Hold on to your love handles... because I'm about to present a transformation story with some refreshing truth. The photo below might frighten you a little bit, but the truth is, you should never be afraid of the truth! This is how I look at the middle age of 51, post-180-pound-weight loss, and without the benefit of skin tightening surgery. I brought this change about through clean eating, regular movement, and paying attention to who I am. The latter is an ongoing process that involves riding out bad moods and dark days without downing enough chip-aisle-offerings for six people.
People who knew me at my former size often don't recognize me if we haven't seen each other in a while. Relative newcomers to my life are astonished at the before pictures. And then there's the segment of America whom I have let down, for I have not arrived at my destination in a bikini. It's true... when I was in the highly-focused weight loss phase of my life, which lasted about two years, I deliberately abstained from the steady rounds of Kool-Aid being served to women like me. The refrain is as common as it is antiquated, but it's still sadly a part of our culture, this bikini fetish. Most weight transformation stories spotlighted in national forums such as "The Today Show" and "Shape" magazine aren't complete without this syrupy, yawningly-predictable finale.
Here's the deal American media: An itsy bitsy bikini was never on my radar. How could it have been? I've dealt with weight issues since childhood. The stretch marks were embedded at age 11. I weighed in excess of 300 pounds for 20 years and didn't begin dropping weight in earnest until the age of 44. Now you see why the two-piece ship has sailed. And I'm OK with it. I realize it's something I could obsessively achieve if I were to get significant amounts of cosmetic surgery while simultaneously emulating the eating habits of a fitness model (that means an unappetizing frequency of egg white omelets, in case you were curious).

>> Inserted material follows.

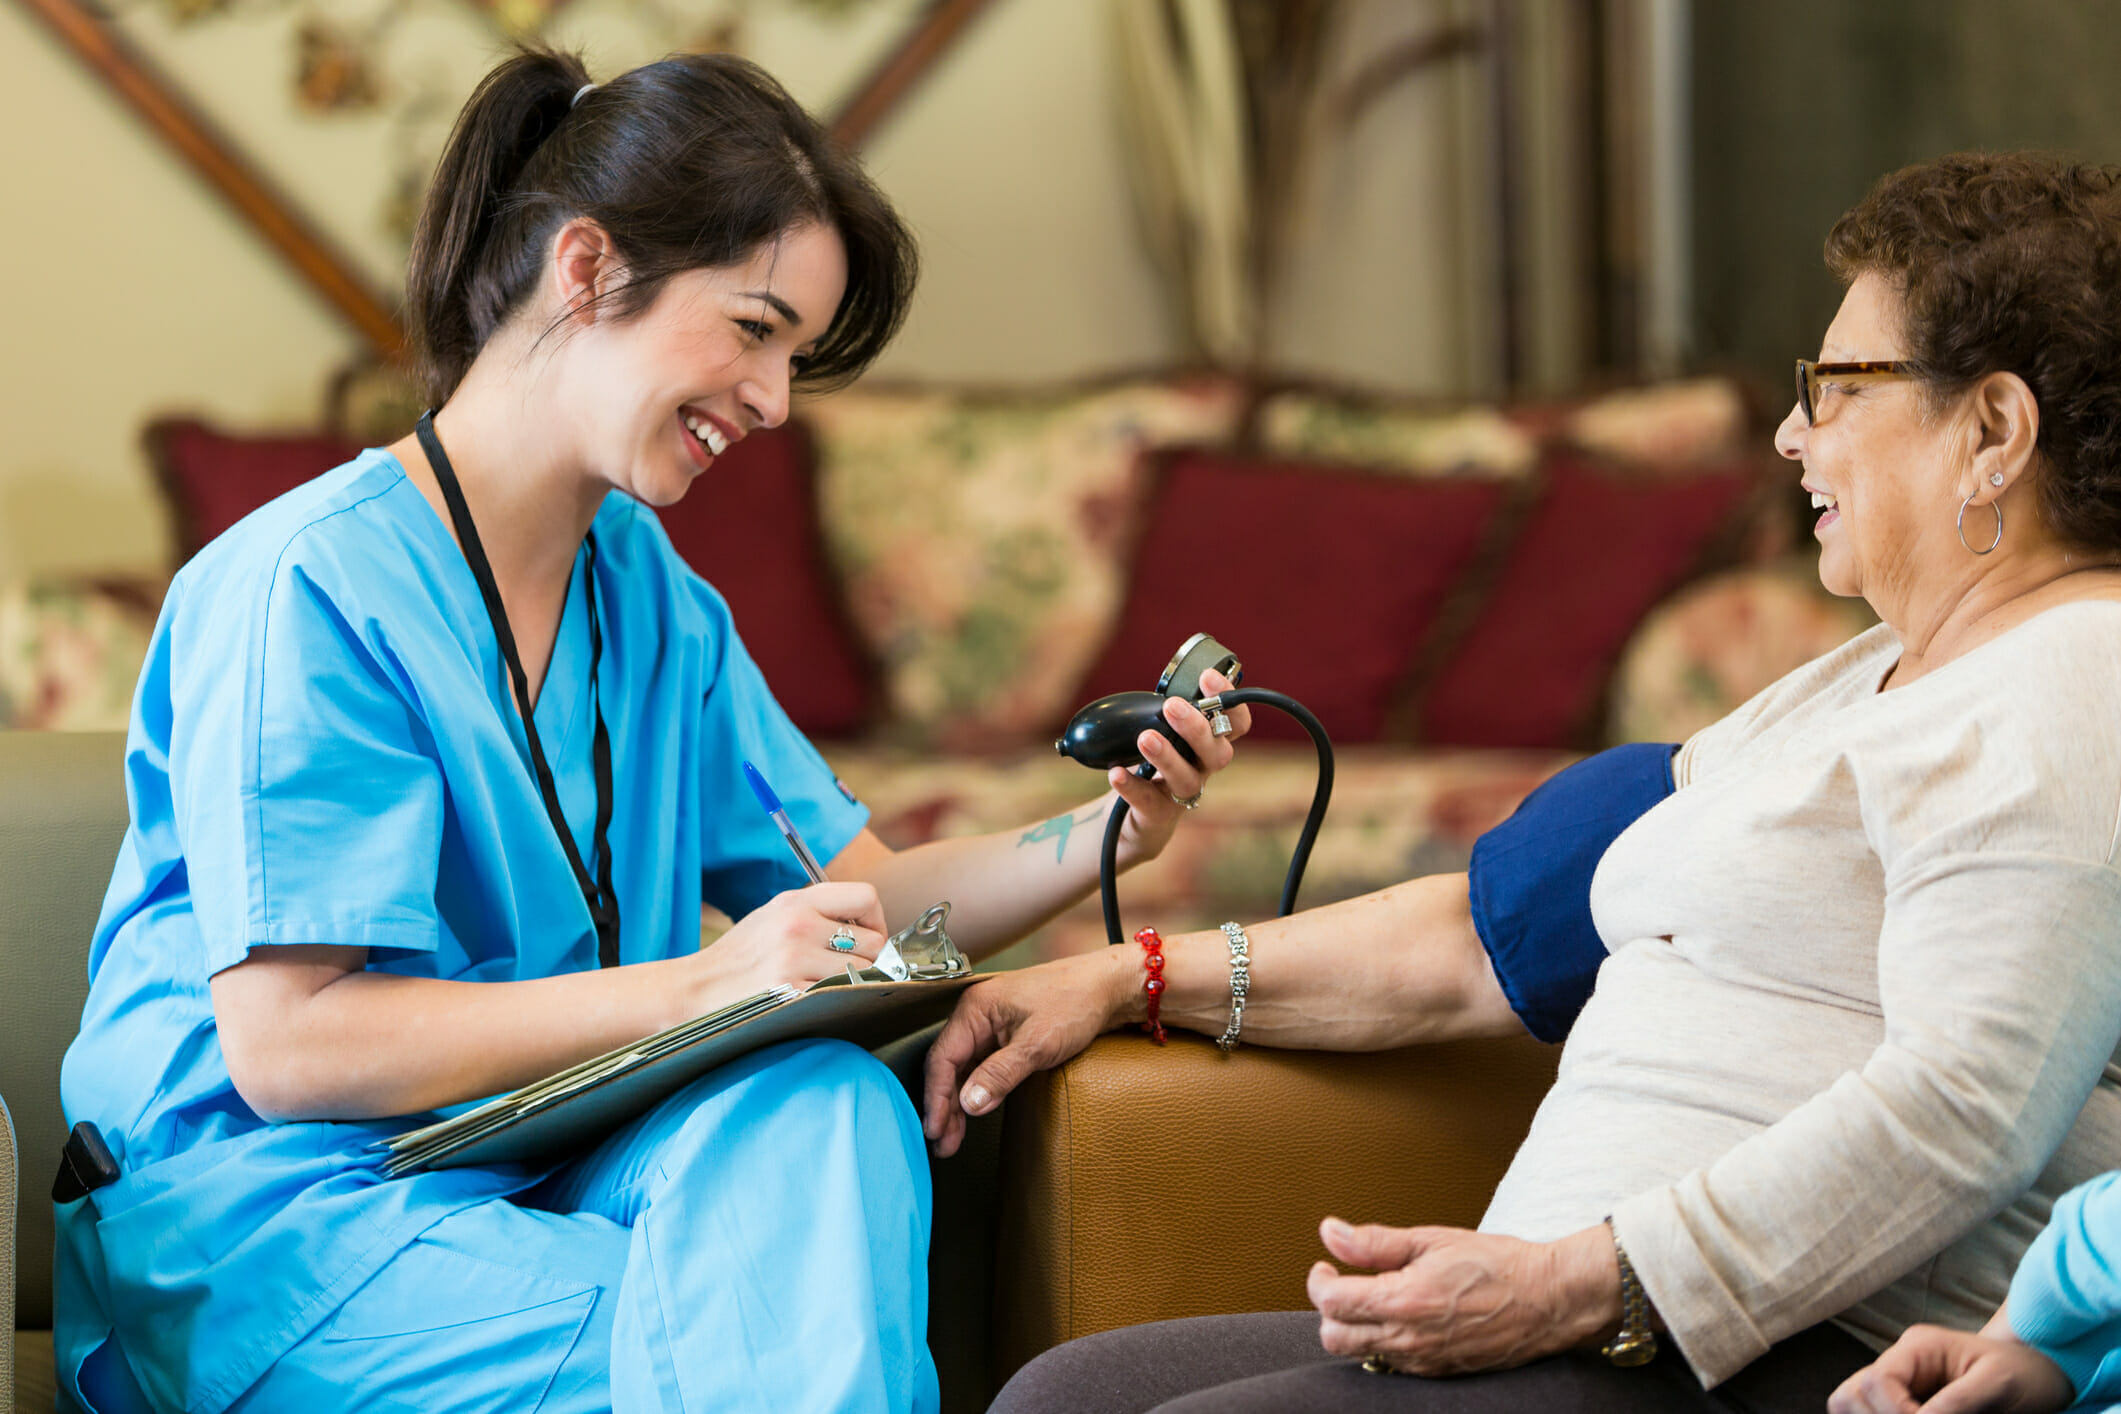 Home healthcare nurse checks patient's blood pressure

I've made all the sacrifices I'm willing to make. There's food I'd love to still be eating, but it's now off the list. Exercise is a regular part of my life, but not in a militaristic sense. I face uncomfortable feelings and confront unpleasant people and situations rather than run from them. Why does it work? Because it's a formula I can live with. Channeling more of my time and energy to reach a more stringent (and kind of meaningless) goal is where I'm drawing the line.
I have no apologies to offer. Why should I? I was a worthy human being before the weight loss. Now I'm simply that same worthy person who's lighter and freer. And I don't waste precious energy wringing my hands that I don't look like Gigi Hadid. Of course, I wouldn't MIND looking like her, but that's not the hand life dealt me. Instead, I feel it's far wiser to focus on all the good in my life, including just how miraculous and wonderful my body is and how good it has been to me and continues to shower me with strength, good health, and other blessings. It's almost as if there might be a silent conspiracy to make women perpetually dissatisfied with themselves.
So take a good look at this before-and-after story my dears. I'm very happy with it. This IS the equivalent of my bikini shot. It's where I've landed after years of self-hatred and turmoil. Not good news to the diet and beauty industries, but more and more of us are becoming de-programmed... and that's where the root of all transformation begins.